15. What is penetration pricing method and enlist its advantages and disadvantages?
Ans. Penetration pricing is a pricing strategy where the price of a product is initially set at a price lower than the eventual market price to attract new customers. The strategy works on the expectations that customers will switch to the new brand because of the lower price. Penetration pricing is most commonly associated with a marketing objective of increasing market share or sales volume, rather than to make profit in the short term. The price will be raised later once this market share is gained. For example, toothpaste sold in a remote rural area.
The advantage of penetration pricing to the firm are:
(i) It can result in fast diffusion and adoption. This can achieve high market rates quickly. This can take the competition by surprise, not giving them time react.

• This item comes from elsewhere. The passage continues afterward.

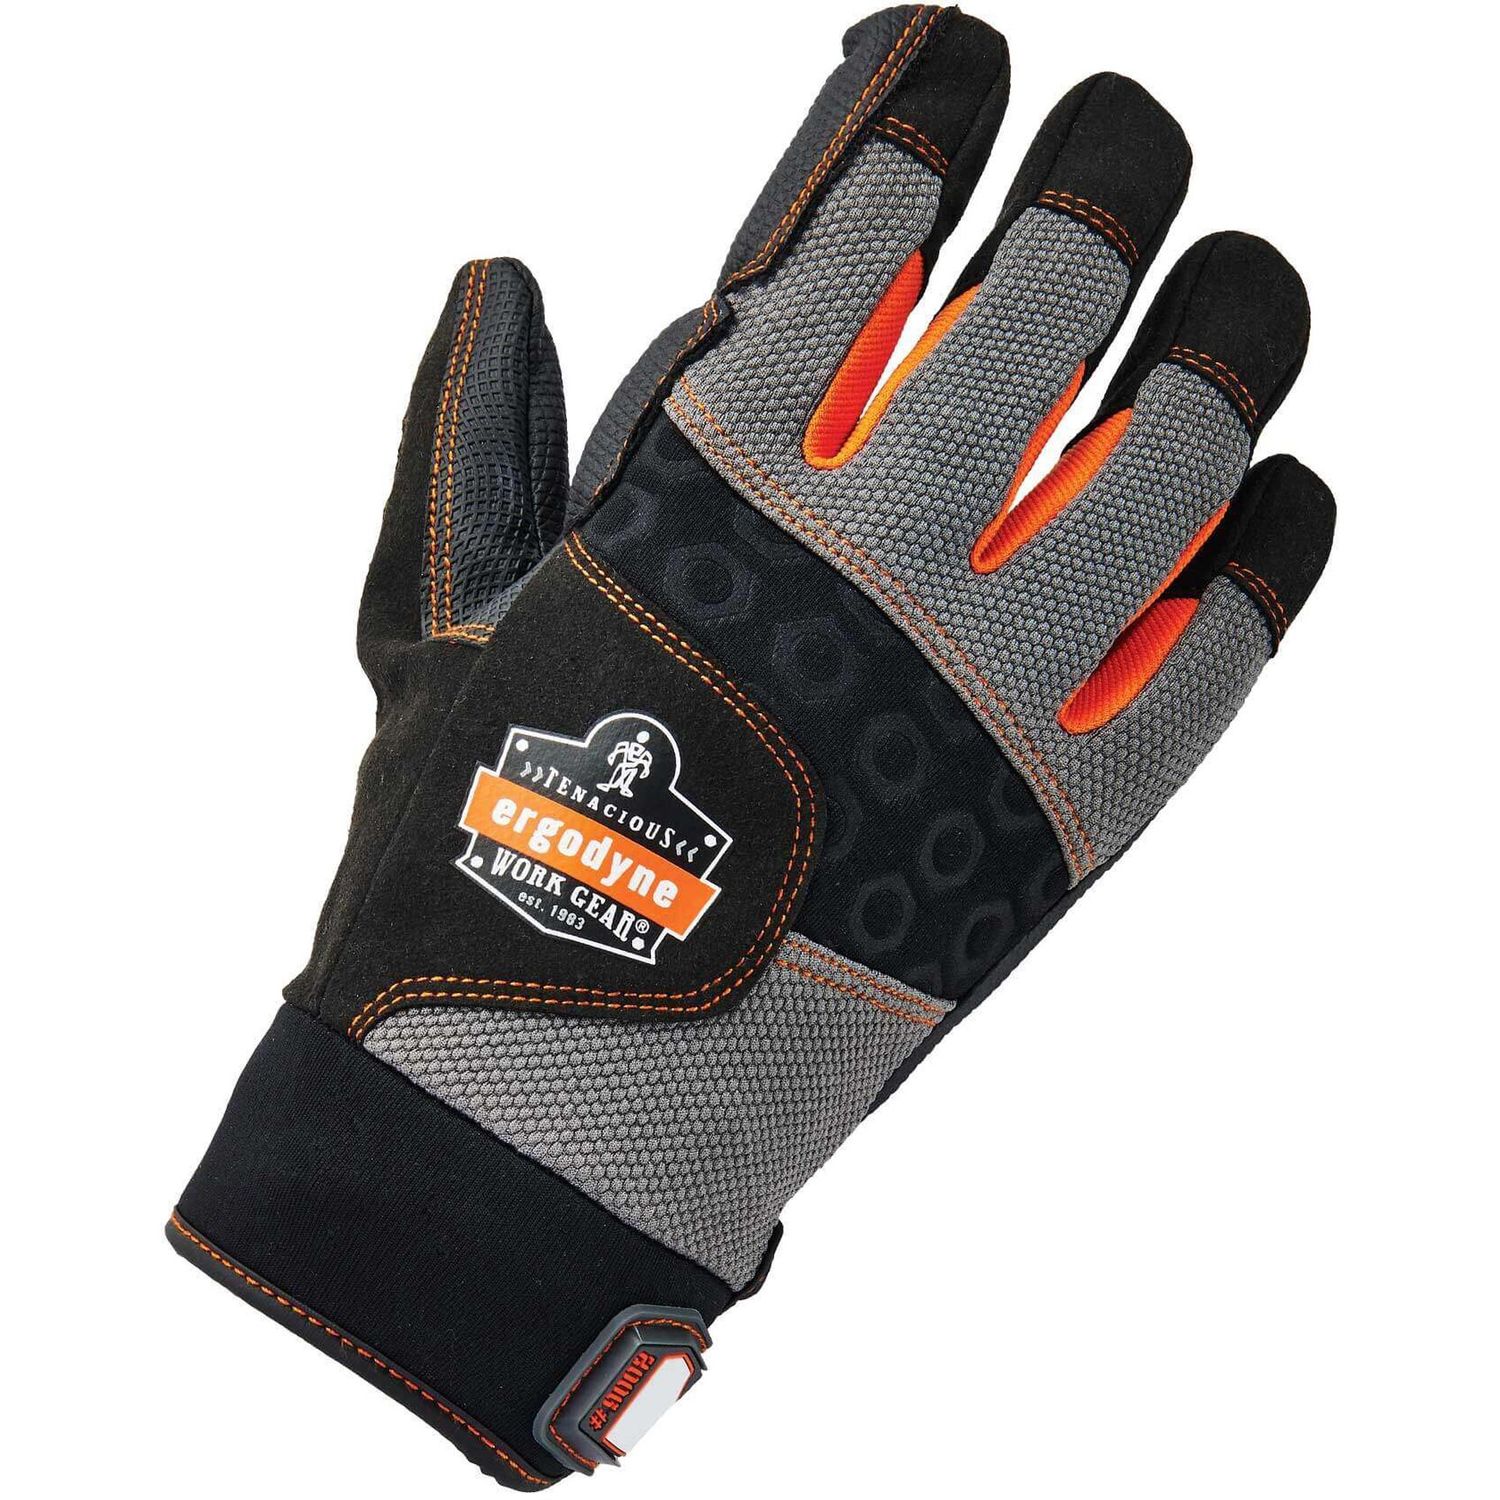 9002 Certified Full-Finger Anti-Vibration Gloves Extra Large Size, Neoprene Knuckle Pad, Black

(ii) It can create goodwill among the early adopter’s segment. This can create more trade by word of mouth.
(iii) It creates cost control and cost reduction pressures from the start, leading to greater efficiency.
(iv) It discourages the entry of competitors. Low prices act as a barrier to entry.
(v) It can create high stock turnover throughout the distribution channel.
(vi) This can create critically important enthusiasm and support in the channel.
Disadvantages of penetrating price method:
(i) The main disadvantage with penetration pricing is that it establishes long-term price expectations for the product and image preconceptions for the brand and company. This makes it difficult to eventually raise prices. Some commentators claim that penetration pricing attracts only the switchers (bargain hunters), and that they will switch away as soon as the price rises.
(ii) Another potential disadvantages is that the low profit margins may not be sustainable long enough for the strategy to be effective. Profit margin is low in the price fixed by such method. This profit may not be sufficiently compared to the cost of production and promotion.
(iii) This method is applicable only to the products and services which have high price elasticity. Thus, it is not applicable to all the products.
(iv) Turnover of the enterprise increases tremendously. Such enterprises have to prepare themselves for a situation of more financial requirements.